:: Working data ::

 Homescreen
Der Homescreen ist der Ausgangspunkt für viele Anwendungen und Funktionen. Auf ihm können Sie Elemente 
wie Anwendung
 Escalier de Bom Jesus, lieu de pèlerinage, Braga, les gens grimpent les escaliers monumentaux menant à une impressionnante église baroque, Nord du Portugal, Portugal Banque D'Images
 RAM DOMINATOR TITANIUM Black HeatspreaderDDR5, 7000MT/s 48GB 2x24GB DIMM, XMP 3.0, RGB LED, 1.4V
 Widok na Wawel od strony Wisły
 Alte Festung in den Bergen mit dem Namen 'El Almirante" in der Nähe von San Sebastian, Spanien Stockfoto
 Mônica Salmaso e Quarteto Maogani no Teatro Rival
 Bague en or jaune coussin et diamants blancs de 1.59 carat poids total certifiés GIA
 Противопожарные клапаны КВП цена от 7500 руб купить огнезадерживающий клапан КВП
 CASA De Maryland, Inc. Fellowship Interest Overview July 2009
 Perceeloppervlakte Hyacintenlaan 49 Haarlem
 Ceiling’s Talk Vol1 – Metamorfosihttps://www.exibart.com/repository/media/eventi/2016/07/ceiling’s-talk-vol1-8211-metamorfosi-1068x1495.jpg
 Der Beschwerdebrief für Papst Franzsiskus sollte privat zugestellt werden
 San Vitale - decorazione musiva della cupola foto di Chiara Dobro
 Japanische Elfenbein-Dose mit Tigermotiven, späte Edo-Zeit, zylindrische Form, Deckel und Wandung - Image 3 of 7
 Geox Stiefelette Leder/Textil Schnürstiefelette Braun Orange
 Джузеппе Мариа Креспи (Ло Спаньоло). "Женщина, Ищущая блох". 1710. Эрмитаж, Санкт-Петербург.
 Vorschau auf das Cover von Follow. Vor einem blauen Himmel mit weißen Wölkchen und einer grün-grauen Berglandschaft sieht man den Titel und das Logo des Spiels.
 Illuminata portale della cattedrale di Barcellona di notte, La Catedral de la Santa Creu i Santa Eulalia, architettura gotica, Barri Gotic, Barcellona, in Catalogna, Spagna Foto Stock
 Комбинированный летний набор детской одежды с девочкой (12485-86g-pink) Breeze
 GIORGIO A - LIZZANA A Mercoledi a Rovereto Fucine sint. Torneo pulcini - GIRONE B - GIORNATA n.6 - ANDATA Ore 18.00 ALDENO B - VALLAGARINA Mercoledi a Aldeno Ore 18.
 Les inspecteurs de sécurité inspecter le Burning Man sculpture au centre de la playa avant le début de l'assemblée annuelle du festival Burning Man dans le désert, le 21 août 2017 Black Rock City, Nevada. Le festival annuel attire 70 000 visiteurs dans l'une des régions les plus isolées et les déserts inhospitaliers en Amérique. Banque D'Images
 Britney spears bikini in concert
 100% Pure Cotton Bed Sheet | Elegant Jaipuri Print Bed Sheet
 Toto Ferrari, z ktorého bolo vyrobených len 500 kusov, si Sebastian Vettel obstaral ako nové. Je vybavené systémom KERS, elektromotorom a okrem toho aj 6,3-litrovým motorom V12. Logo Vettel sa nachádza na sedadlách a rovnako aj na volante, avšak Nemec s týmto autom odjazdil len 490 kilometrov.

:::

Aim of the task
Among the entries, find every line holding "Logo" and return it.

Solution to the problem
 Vorschau auf das Cover von Follow. Vor einem blauen Himmel mit weißen Wölkchen und einer grün-grauen Berglandschaft sieht man den Titel und das Logo des Spiels.
 Toto Ferrari, z ktorého bolo vyrobených len 500 kusov, si Sebastian Vettel obstaral ako nové. Je vybavené systémom KERS, elektromotorom a okrem toho aj 6,3-litrovým motorom V12. Logo Vettel sa nachádza na sedadlách a rovnako aj na volante, avšak Nemec s týmto autom odjazdil len 490 kilometrov.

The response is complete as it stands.